How Do You Configure Screaming Frog for Structured Data Extraction?

Screaming Frog doesn’t extract structured data by default. You turn it on, choose what to validate against, and decide how to read the results. Three decisions, and each one changes what the crawl produces.

Enabling Extraction and JavaScript Rendering

Go to Configuration > Spider > Extraction > Structured Data and enable the format toggles for JSON-LD, Microdata, and RDFa. Enable only the formats your site actually uses. Turning on all three adds parsing overhead on large crawls for data you’ll never look at.

Extraction alone isn’t enough if your schema loads client-side. Go to Configuration > Spider > Rendering and switch from “Text Only” to “JavaScript.” Without this, Screaming Frog parses raw HTML and misses anything injected by your CMS, a React app, or a tag manager.

One gotcha with JavaScript rendering: AJAX timeout. The default is 2 seconds. Schema injected by Google Tag Manager or similar tag managers often loads after other scripts finish executing. If your structured data doesn’t appear in the extraction despite JS rendering being enabled, increase the timeout under Configuration > Spider > Advanced > Response Timeout.
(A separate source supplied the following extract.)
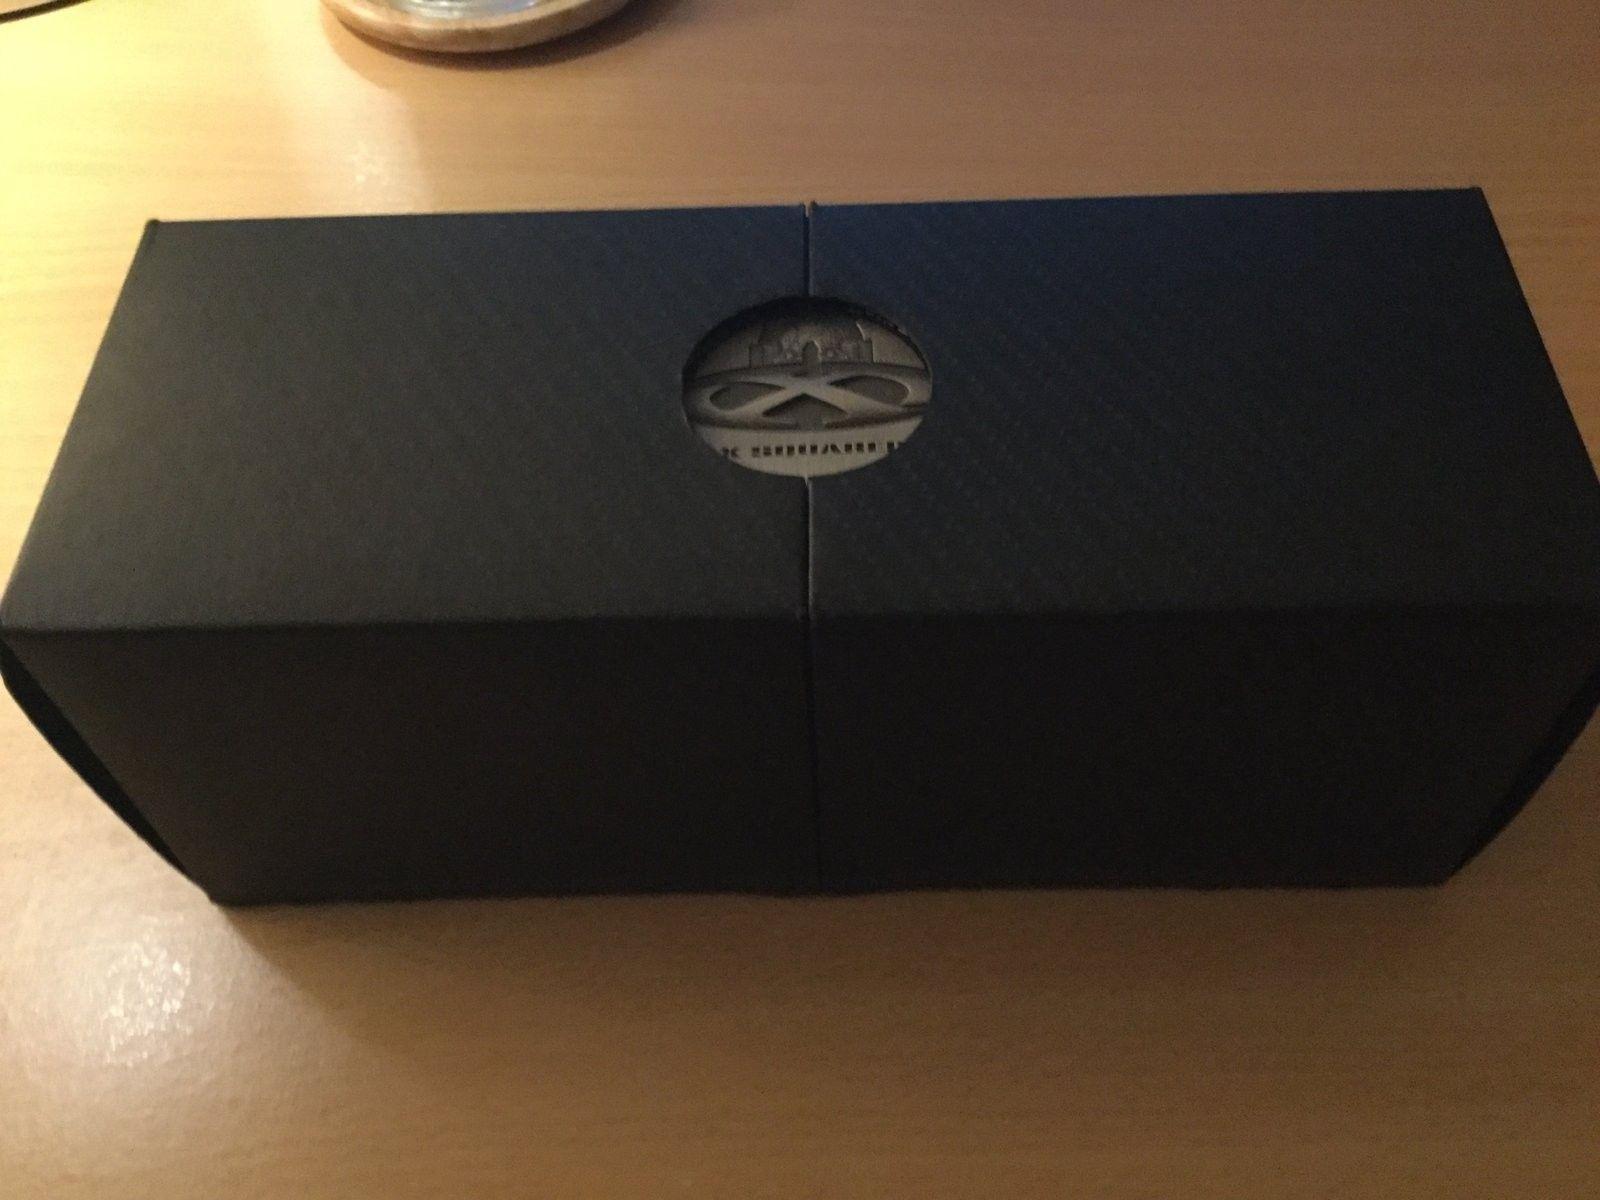 X Squared Carbon Black: BOX - IMG_1975.JPG
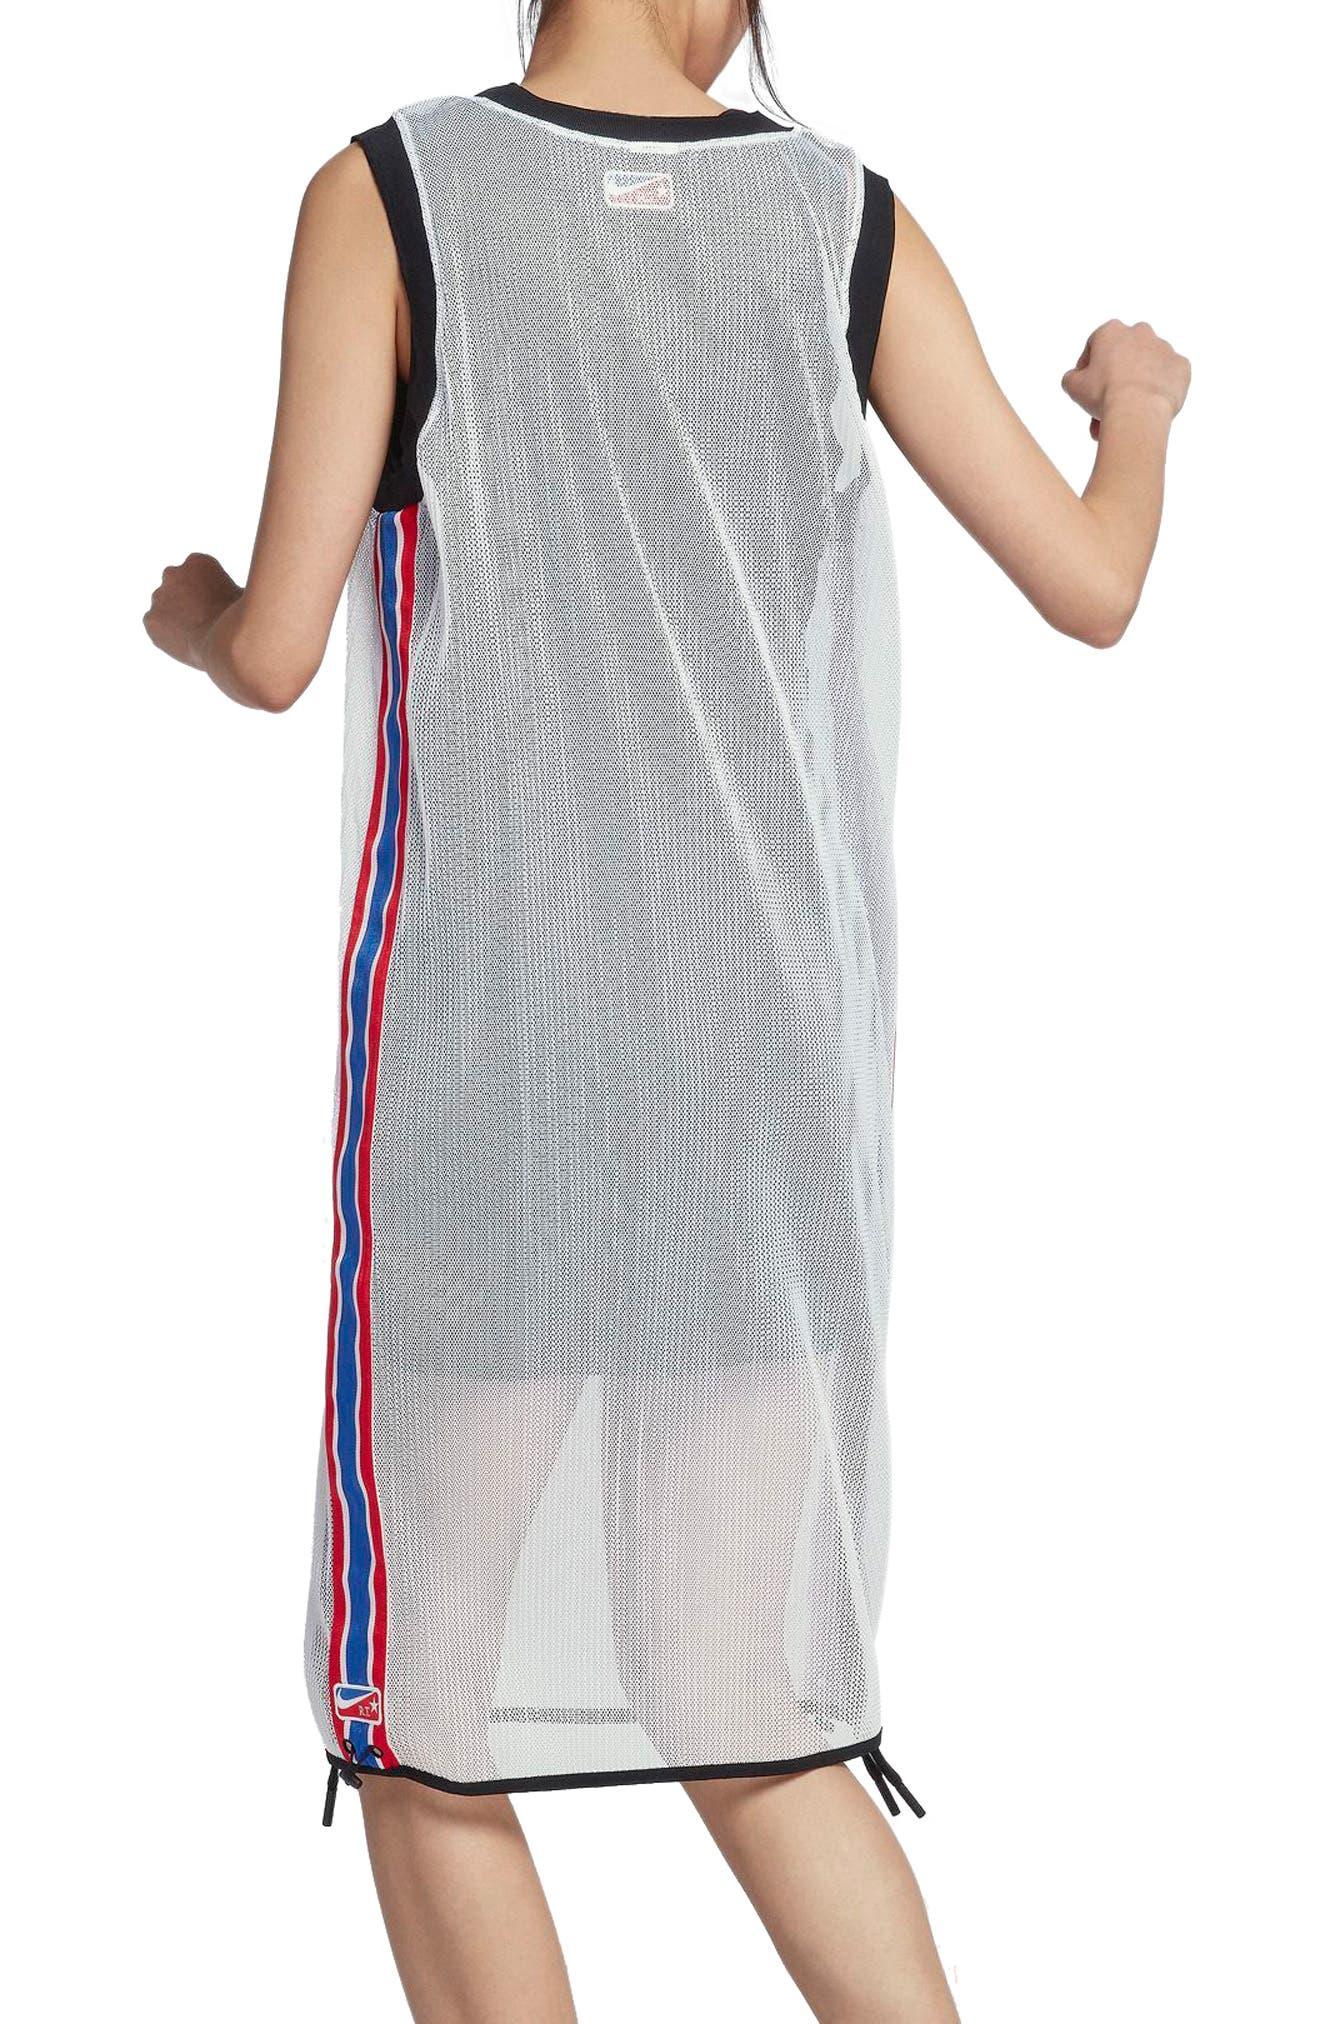 NikeLab x RT Mesh Jersey Dress,                             Alternate thumbnail 2, color,                             100

Start with 10 seconds and check whether the missing types appear.

Google uses mobile-first indexing. If your site serves different markup to mobile and desktop user agents — legacy sites with separate mobile templates are the main risk case — set Screaming Frog’s User-Agent to Googlebot Smartphone under Configuration > User-Agent. A desktop crawl of a site that serves different schema to mobile gives you results that don’t match what Google indexes. You won’t catch it until GSC reports errors you can’t reproduce.

Choosing Between Schema.org and Google Rich Results Validation

Schema.org validation and Google Rich Results validation check against different rule sets.

Schema.org validation checks the full vocabulary specification — every type, every property, every expected value format defined at schema.org. Google Rich Results validation checks against Google’s subset: the specific types and properties that Google actually processes for Google’s rich results.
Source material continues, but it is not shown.